In other words, the Court believed that the prosecution’s case was flimsy: “the evidence connecting that alleged motive to any actions that McIver took to intentionally kill his wife was thin,” Justice Boggs wrote.
“Indeed, the State’s evidence of intent was weak, as no witness testified to any disagreement or quarrel between McIver and Diane, and many witnesses testified that they were very much in love,” Boggs said elsewhere in the opinion.
Elsewhere the Court noted “particularly and with disapproval” that a prosecutor displayed “a PowerPoint slide with a bullet point reading ‘KKK’ during his closing argument.”
“Questioned at oral argument in this Court, the State ultimately acknowledged that no evidence was produced at trial to support any inference that the Ku Klux Klan was relevant to this case,” the high court noted.
McIver’s attorneys said the state was using a “constant drumbeat of racial animus” to “inflame the passion of the jury,” and the Court therefore “strongly caution[ed] the State that this or any similar behavior is not to be repeated upon any retrial of this case.”
Other elements of racial animus, however, were relevant, such as McIver’s claim that he wanted his gun because he might encounter “Black Lives Matter protesters,” the Court calculated.

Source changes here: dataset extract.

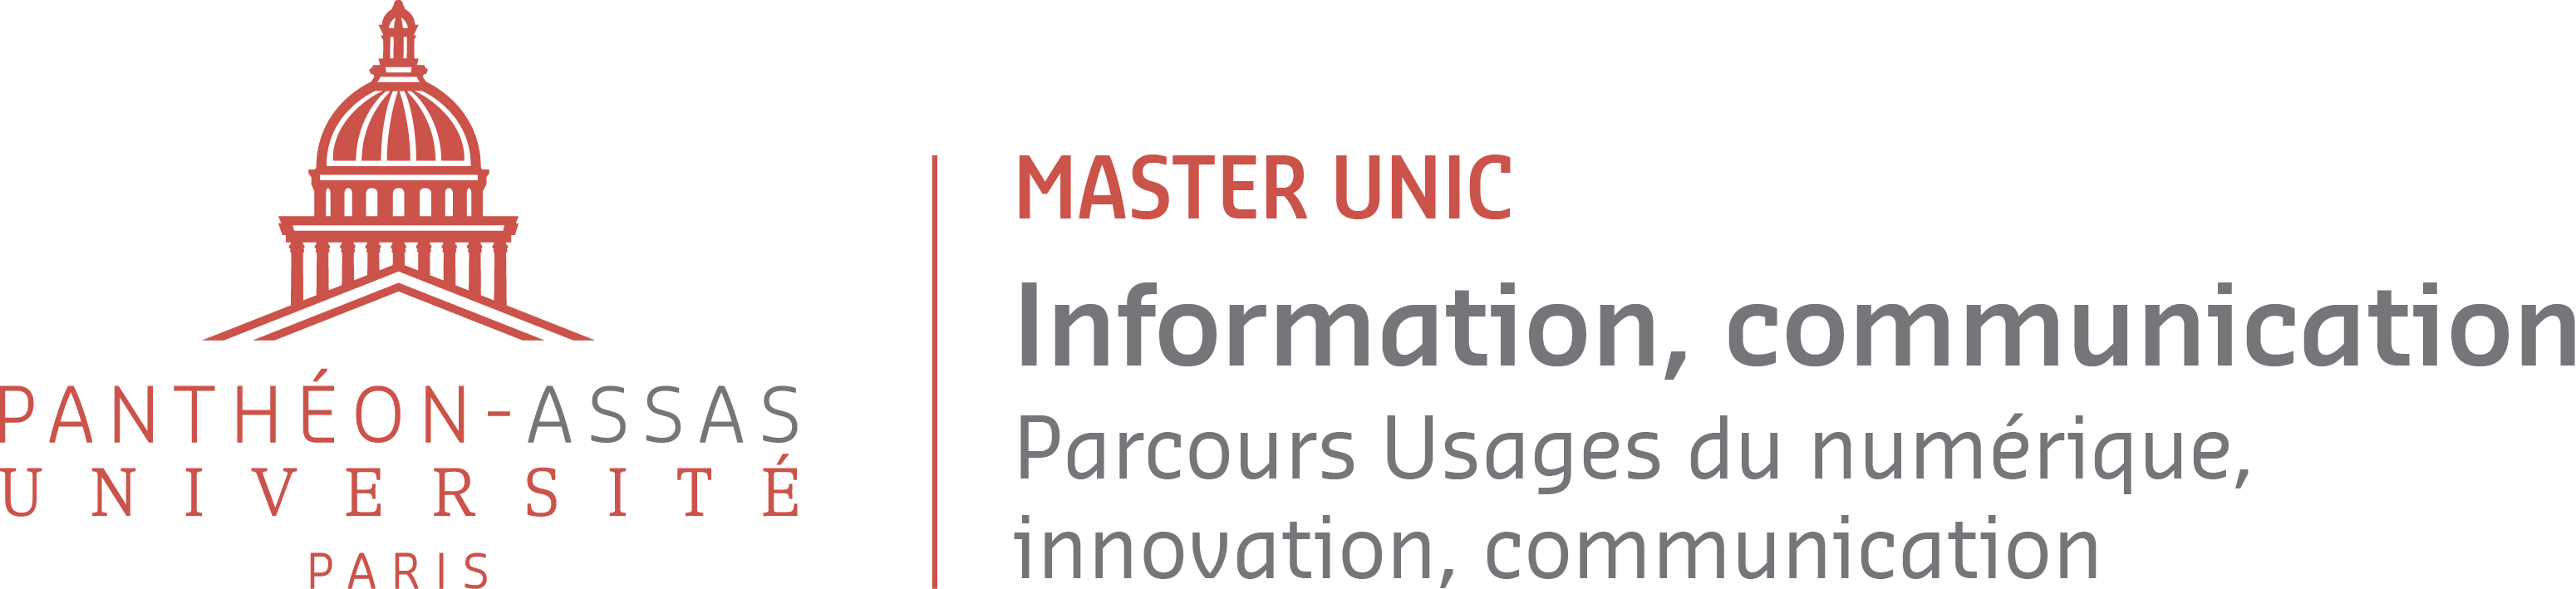 Logo du Master Unic
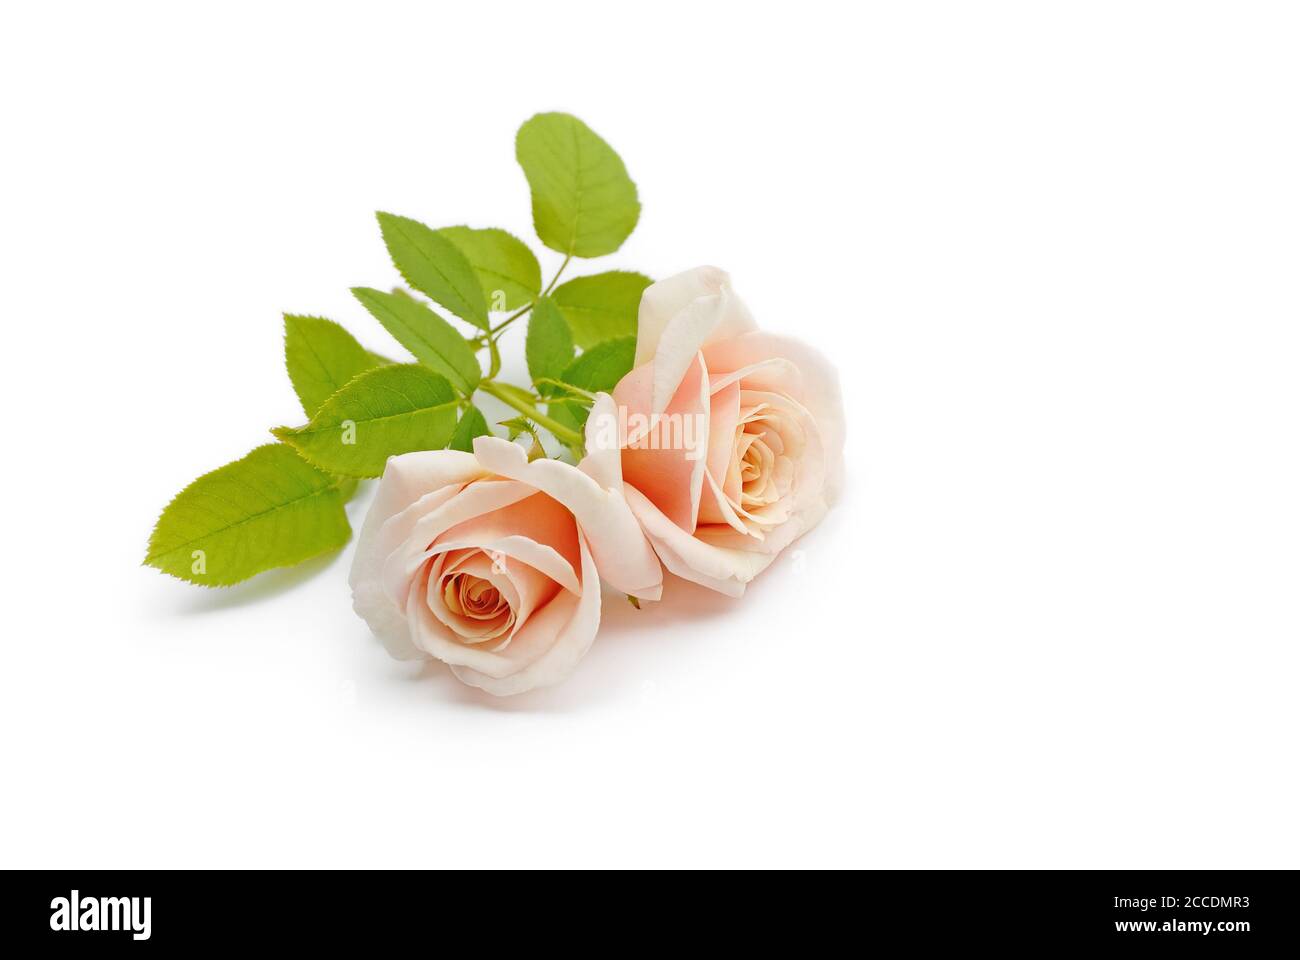 de belles roses isolées se trouvent sur fond blanc Banque D'Images

Even though McIver complained that the state went through great lengths to use that evidence against him, the Court said it was “highly probative . . . because it was McIver’s own description of why he asked for his gun.”
The verdicts in the case have long been criticized by a number of legal analysts — including, for the sake of ethical disclosure, the person writing this report — who watched the case unfold on the Law&Crime Network.
“We are delighted with the unanimous decision of the supreme court reversing Tex McIver’s conviction,” his attorneys Amanda Clark Palmer, Don Samuel, and Bruce Harvey said in a joint statement to Law&Crime. “He was deprived of a fair trial because the jury was not given the opportunity to find that the shooting was entirely the result of negligence , as opposed to an intentional killing. He was entitled to a fair trial and did not get a fair trial. We look forward to showing the next jury that he is not guilty of murder.”
A spokesperson for the Fulton County District Attorney’s Office told the Atlanta Journal-Constitution that the office “will evaluate the case and make a decision on how to proceed in the near future.”